5.3 Iterable epistopics of risk and AI governance

A final contribution, at least at this point in the evolution of epistopics, focuses on supporting the governance of AI. We began this paper with a brief discussion of general calculus: risk management frameworks that provide a method or procedure for reasoning about risk and rendering it accountable and thus tractable, such as algorithmic impact assessments, ethical principles, international standards, and regulations. To the best of our knowledge, none of the epistopics of risk identified in this paper are encapsulated by general calculus. They are absent from general calculus.

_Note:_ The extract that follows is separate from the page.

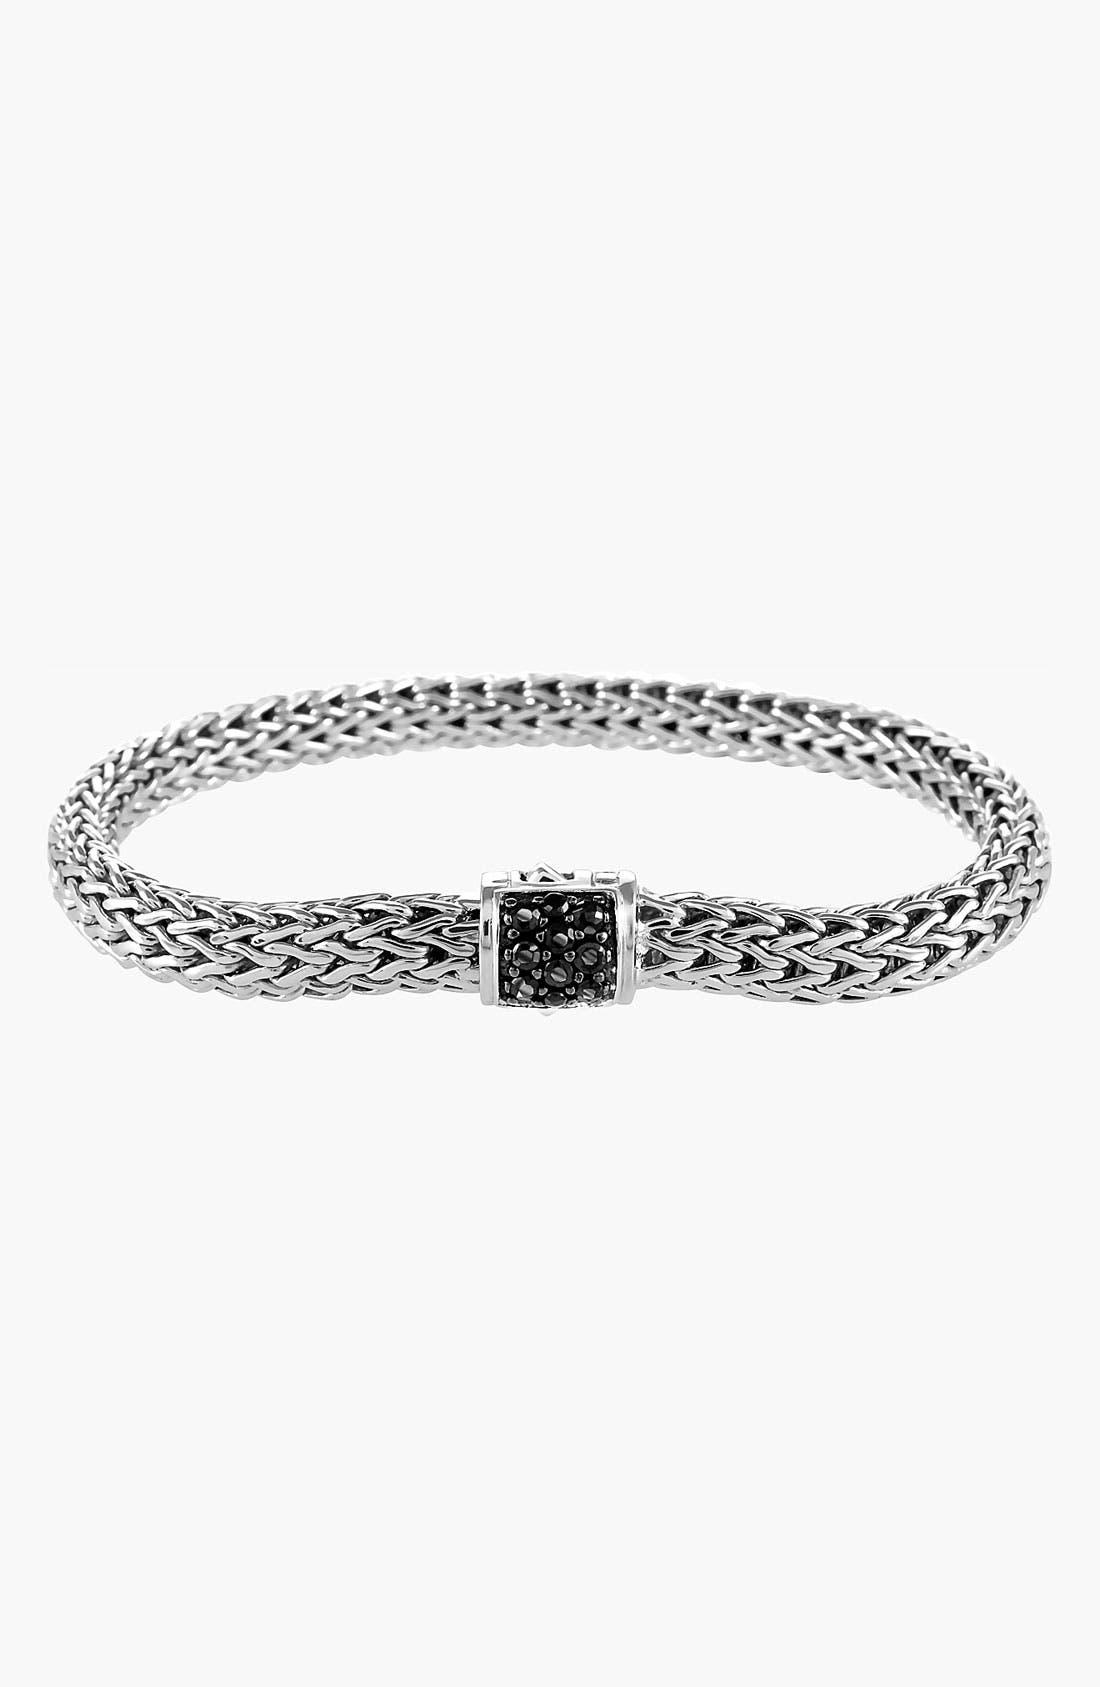 Alternate Image 1 Selected - John Hardy 'Classic Chain' Bracelet

Missing: they are missing because general calculus trades in what is known, established risk, whereas the epistopics uncovered by our study are very much at the forefront of innovation: the risks occasioned by novelty and lack of knowledge, or the limitations of AI models and software verification, or the impact of complexity and the environment, for example. Epistopics of risk, as known within the organised enterprise and situated practices of those actively involved in AI development, may thus sensitise general calculus to its blind spots. The annexes to the AIA (2019), for example, show that EU clearly expects AI to be embedded in a complex array of machinery. Yet consideration of the scale of complexity—of the massively connected cyber-physical systems including the transport networks it is envisaged AI will be embedded in—is entirely absent. It doesn’t figure in legal reasoning about the risks of AI, though situated practice suggests that it may well pose the most significant risk of all as it is currently immeasurable. The epistopics program may prove a useful complement to the evolution of general calculus.

6 Conclusion

It is broadly acknowledged that trust is key to the uptake and success of AI in society. For many involved in the development of AI—which includes our political and legal representatives and industry drivers as a well as computer scientists and engineers, philosophers and social scientists—trust turns in significant ways upon risk management and the avoidance or serious limitation of harm. Risk management frameworks consequently abound, providing general calculus or methods of reasoning about risk and how to deal with it. However, general calculus is necessary but not sufficient for the management of risk in AI. It trades in established risk, not risk as it is known at the forefront of innovation in the organized enterprises and situated practices of those who are actively involved in doing AI development. We propose an epistopics program to complement general calculus, support the design and development of AI systems, and drive interdisciplinary iteration and continued discovery of epistopics of risk in AI research. The initial contribution, provided by a short study of five people in three organisations involved in AI development, nevertheless surfaces epistopics of risk that have reach and apply in other settings. They highlight risks in the innovation environment, the internal and external operating environment, and the regulatory system. They are iterable. They may be further investigated in the organized enterprise of others involved in AI development to elaborate how risk is known and managed in practice, and trust is thereby built into AI, as well the significant challenges that lie ahead.